Given a desired SPF record, flatten it and push it to your DNS provider (so far just cloudflare)
This caching is intended to solve the two problems of SPF:
- You can't have more than 10 cascaded DNS lookups
- Each lookup's response must fit in a single UDP packet (512 octets)
See http://www.openspf.org/RFC_4408
Usage: ./bin/auto-spf-flattener -f spf-file [-p subdomain-prefix] domain
Use the SPF record you would have put in your DNS if you weren't worried about too many lookups or too large a response
Environment variables CF_API_EMAIL and CF_API_KEY are required
-d, --dry-run Connect to DNS, but don't make any changes
-f, --spf-file string File that contains a valid spf format TXT record (required)

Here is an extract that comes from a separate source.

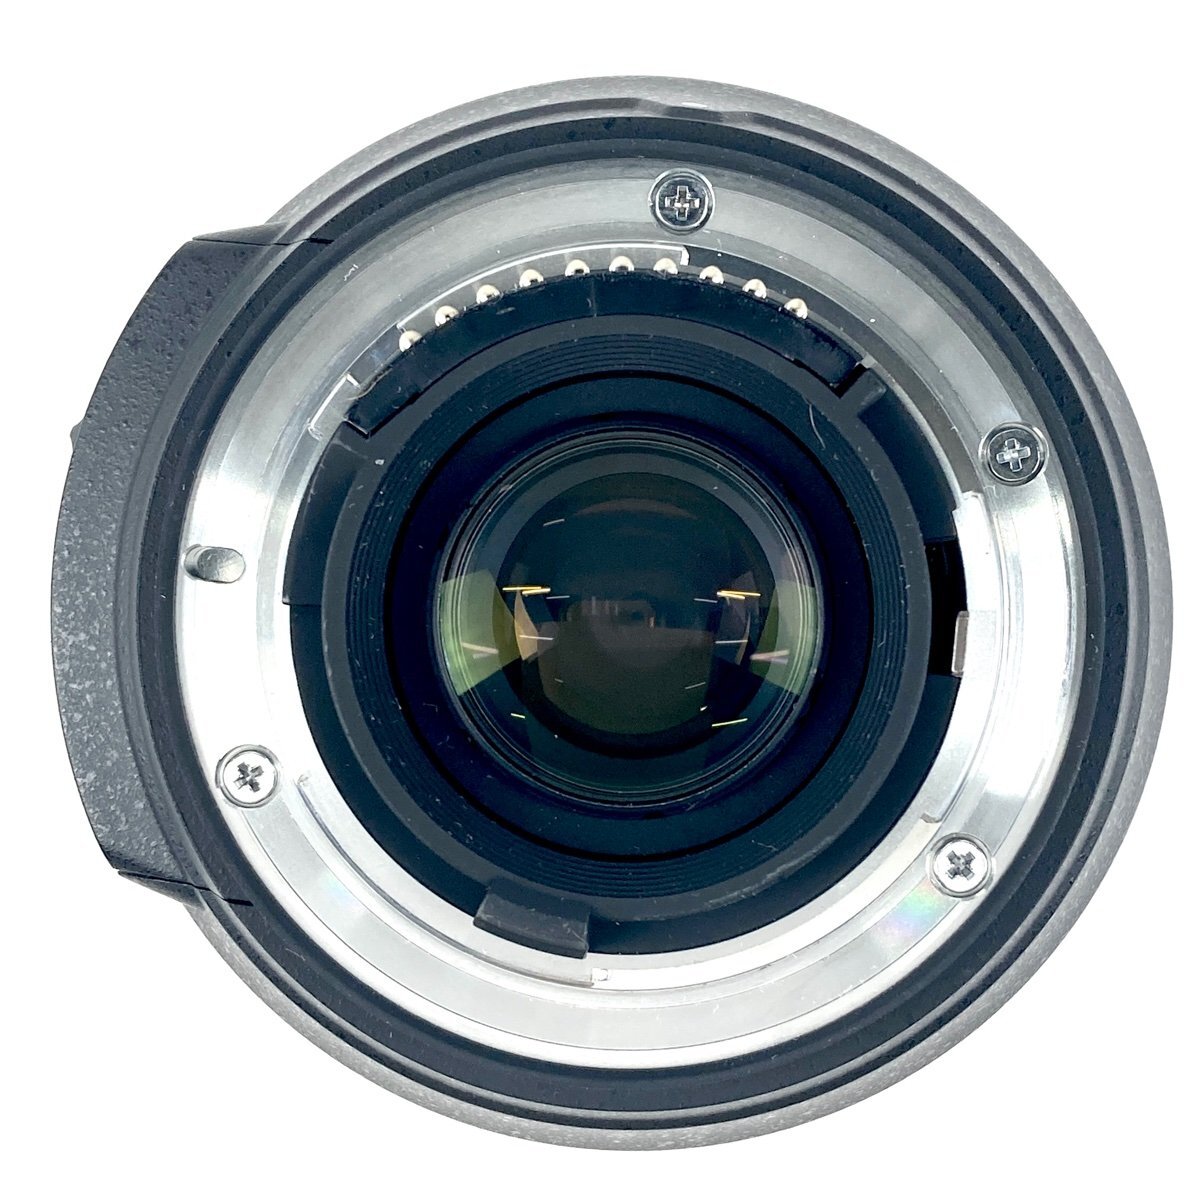 ニコン Nikon D7100 + AF-S DX NIKKOR 18-200mm F3.5-5.6G ED VR デジタル 一眼レフカメラ 【中古】_バイセル 31051_8

-p, --spf-prefix string Prefix for subdomains when multiple are needed. (default "_spf")
env - CF_API_KEY=<cloudflare-key> CF_API_EMAIL=<cloudflare-email> ./bin/auto-spf-flattener -f ideal envoy.com
In this example, envoy.com
is the domain to work on and the file ideal
looks like:
v=spf1 include:mail.zendesk.com include:_spf.google.com include:spf.mail.intercom.io include:servers.mcsv.net ~all
The result is the resolution of ~55 ip4 and ip6 addresses, which are pushed to Cloudflare in 3 blocks, along with a master spf record which points to them.